# The Statement Cheek



## itsmeg (Jul 31, 2015)

[h=2]*This is your guide to bright, BOLD blushes that make a statement for the Summer!*






[/h]   
  We wanted to switch it up a bit and put down our Ruby Woo and Candy Yum Yum lipsticks for a pop of color on our cheeks instead! We know it's extremely difficult to pull off an intense blush, without looking like a clown or being embarrassed to rock it, so we put together a guide based on your personal style! *Check it out below*







*the trendsetter *(You're the Carrie Bradshaw of your town. You start a new trend, or are the first to now about them) - _purple/lilac  _

_Try Marc Jacobs Shameless Blush in Outspoken or Clinique Cheek Pop in Pansy Pop_






 







*the risk taker* (Think Nicki Minaj. Fearless to try new things, regardless if it's in season or not) - _red_

_Try Tarte Amazonian Clay 12-hr Blush in Natural Beauty or Milani Baked Blush in Bella Rosa_














*the free spirited* (A colorful version of boho.
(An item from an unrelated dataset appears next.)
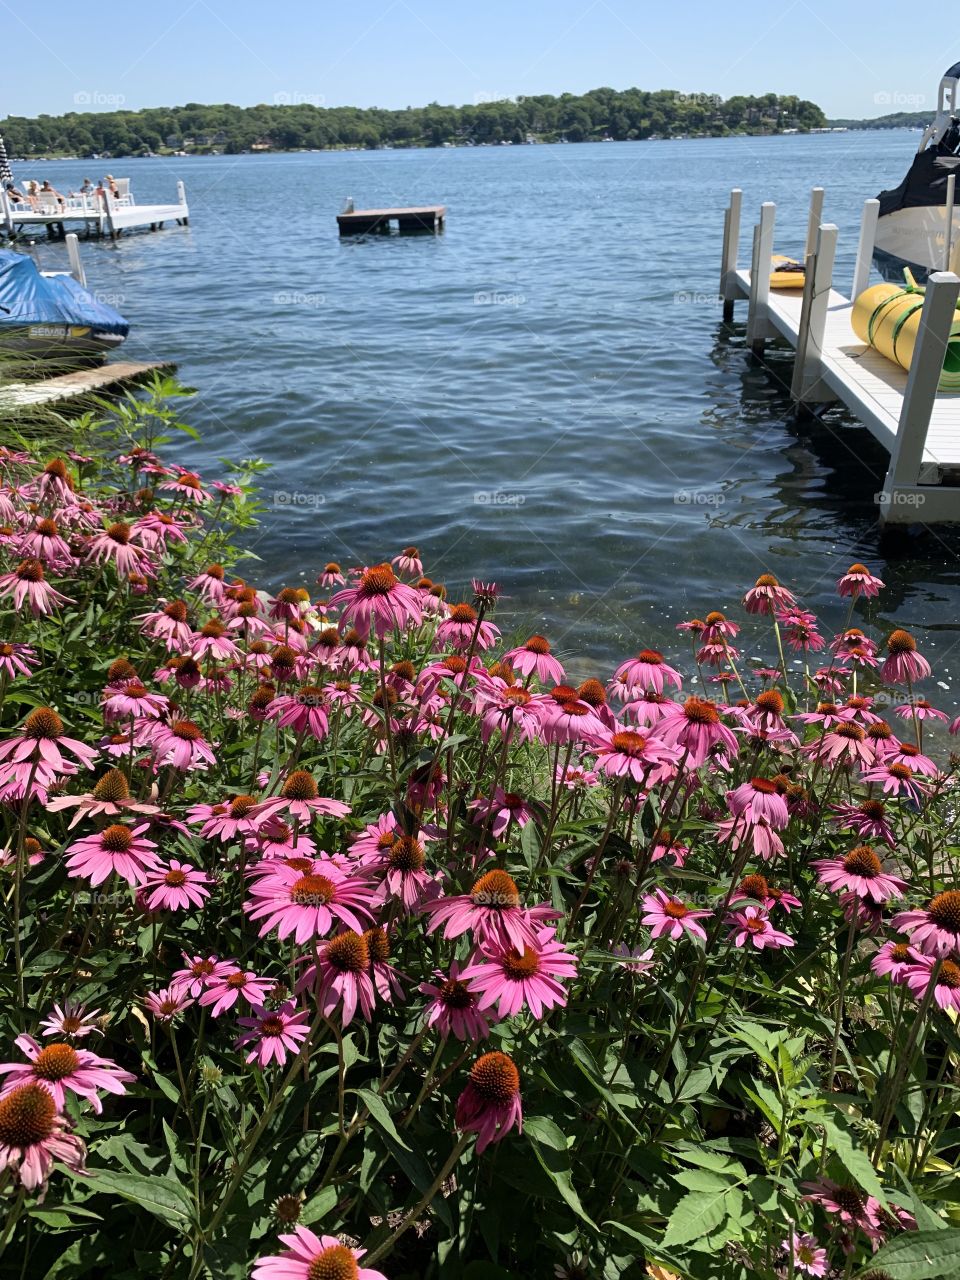 Lake blooms

A happy-go-lucky that brings joy to any setting! Your favorite color is bright and bold) - orange

_Try Colourpop Super Shock Cheek in Tongue Tied or Clinique Cheek Pop in Peach Pop_














*the bohemian *(You love earthy colors - you can't leave the house without ankle boots, a floppy hat, and a braid)- peach

_Try Laura Gellar Baked Gelato Vivid Swirl Blush in Cantaloupe or Clinique Cheek Pop in Melon Pop_














*the classical *(You tend to stick with the basic glam essentials - think Jackie O., pearl necklaces, and blazers) - pink

_Try Nars Starscape, Glamorous Chicks Cosmetics Baked Blush in Tulip*, Colourpop Super Shock Cheek in Mochi, or Eddie Funkhouser Ultra Intensity Cheek Color in Peep Show*_













*the playful* (You aren't afraid to mix everything under the sun - florals and strips, lace and leather, camo and plaid) - blushes with hints of shimmer/sheen

_Try Glamorous Chicks Cosmetics Baked Blush in Nectar*, Becca Shimmering Skin Perfector Pressed in Blushed Copper, or MAC Mineralize Blush in Petal Power_











  *Please note that the asterisk indicates that we have received this sample for review purposes. Our reviews are 100% honest and we do not accept money in exchange for our opinions. 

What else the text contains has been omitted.